▸ WORK TO COMPLETE
Output the lines below exactly, please, from the first line until the line with "Hippos (Hippopotamus amphibius), Chobe", counting both.

DATA FOR THIS EXERCISE: Begin

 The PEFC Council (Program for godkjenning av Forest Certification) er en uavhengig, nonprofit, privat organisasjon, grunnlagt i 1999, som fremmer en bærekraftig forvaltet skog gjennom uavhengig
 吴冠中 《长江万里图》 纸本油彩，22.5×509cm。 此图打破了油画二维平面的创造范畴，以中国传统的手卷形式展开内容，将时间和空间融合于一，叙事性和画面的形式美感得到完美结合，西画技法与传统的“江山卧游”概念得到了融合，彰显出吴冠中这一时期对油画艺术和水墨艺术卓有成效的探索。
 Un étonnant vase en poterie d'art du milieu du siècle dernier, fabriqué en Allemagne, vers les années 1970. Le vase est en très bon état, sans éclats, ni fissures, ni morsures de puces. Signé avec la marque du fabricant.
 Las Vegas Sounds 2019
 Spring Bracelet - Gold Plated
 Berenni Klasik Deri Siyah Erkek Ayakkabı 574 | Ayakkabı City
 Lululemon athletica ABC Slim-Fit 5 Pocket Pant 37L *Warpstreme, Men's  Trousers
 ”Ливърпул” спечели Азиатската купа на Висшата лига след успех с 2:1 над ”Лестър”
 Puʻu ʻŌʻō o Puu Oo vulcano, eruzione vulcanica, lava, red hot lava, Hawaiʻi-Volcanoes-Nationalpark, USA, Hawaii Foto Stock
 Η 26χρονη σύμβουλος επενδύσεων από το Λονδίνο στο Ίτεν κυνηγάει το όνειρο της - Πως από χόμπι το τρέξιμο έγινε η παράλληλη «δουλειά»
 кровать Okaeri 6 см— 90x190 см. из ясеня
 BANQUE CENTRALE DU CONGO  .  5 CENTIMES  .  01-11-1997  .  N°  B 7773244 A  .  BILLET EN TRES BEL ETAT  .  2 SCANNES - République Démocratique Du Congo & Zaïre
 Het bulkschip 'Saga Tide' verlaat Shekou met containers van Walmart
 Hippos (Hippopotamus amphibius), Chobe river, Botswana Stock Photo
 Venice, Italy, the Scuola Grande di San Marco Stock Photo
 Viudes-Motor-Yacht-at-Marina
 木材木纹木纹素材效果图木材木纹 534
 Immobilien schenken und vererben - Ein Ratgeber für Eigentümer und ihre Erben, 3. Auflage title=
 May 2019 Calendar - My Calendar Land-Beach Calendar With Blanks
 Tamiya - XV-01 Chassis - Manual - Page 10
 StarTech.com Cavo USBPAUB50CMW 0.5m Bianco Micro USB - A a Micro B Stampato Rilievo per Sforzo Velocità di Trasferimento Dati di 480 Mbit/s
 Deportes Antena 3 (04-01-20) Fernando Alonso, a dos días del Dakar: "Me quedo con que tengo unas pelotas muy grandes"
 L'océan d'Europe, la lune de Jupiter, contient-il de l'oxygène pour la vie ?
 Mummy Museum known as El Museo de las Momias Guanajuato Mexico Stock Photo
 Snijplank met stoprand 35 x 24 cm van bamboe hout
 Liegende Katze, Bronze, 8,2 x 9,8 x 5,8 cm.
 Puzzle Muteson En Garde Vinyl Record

DATA FOR THIS EXERCISE: End

▸ YOUR SOLUTION
 The PEFC Council (Program for godkjenning av Forest Certification) er en uavhengig, nonprofit, privat organisasjon, grunnlagt i 1999, som fremmer en bærekraftig forvaltet skog gjennom uavhengig
 吴冠中 《长江万里图》 纸本油彩，22.5×509cm。 此图打破了油画二维平面的创造范畴，以中国传统的手卷形式展开内容，将时间和空间融合于一，叙事性和画面的形式美感得到完美结合，西画技法与传统的“江山卧游”概念得到了融合，彰显出吴冠中这一时期对油画艺术和水墨艺术卓有成效的探索。
 Un étonnant vase en poterie d'art du milieu du siècle dernier, fabriqué en Allemagne, vers les années 1970. Le vase est en très bon état, sans éclats, ni fissures, ni morsures de puces. Signé avec la marque du fabricant.
 Las Vegas Sounds 2019
 Spring Bracelet - Gold Plated
 Berenni Klasik Deri Siyah Erkek Ayakkabı 574 | Ayakkabı City
 Lululemon athletica ABC Slim-Fit 5 Pocket Pant 37L *Warpstreme, Men's  Trousers
 ”Ливърпул” спечели Азиатската купа на Висшата лига след успех с 2:1 над ”Лестър”
 Puʻu ʻŌʻō o Puu Oo vulcano, eruzione vulcanica, lava, red hot lava, Hawaiʻi-Volcanoes-Nationalpark, USA, Hawaii Foto Stock
 Η 26χρονη σύμβουλος επενδύσεων από το Λονδίνο στο Ίτεν κυνηγάει το όνειρο της - Πως από χόμπι το τρέξιμο έγινε η παράλληλη «δουλειά»
 кровать Okaeri 6 см— 90x190 см. из ясеня
 BANQUE CENTRALE DU CONGO  .  5 CENTIMES  .  01-11-1997  .  N°  B 7773244 A  .  BILLET EN TRES BEL ETAT  .  2 SCANNES - République Démocratique Du Congo & Zaïre
 Het bulkschip 'Saga Tide' verlaat Shekou met containers van Walmart
 Hippos (Hippopotamus amphibius), Chobe river, Botswana Stock Photo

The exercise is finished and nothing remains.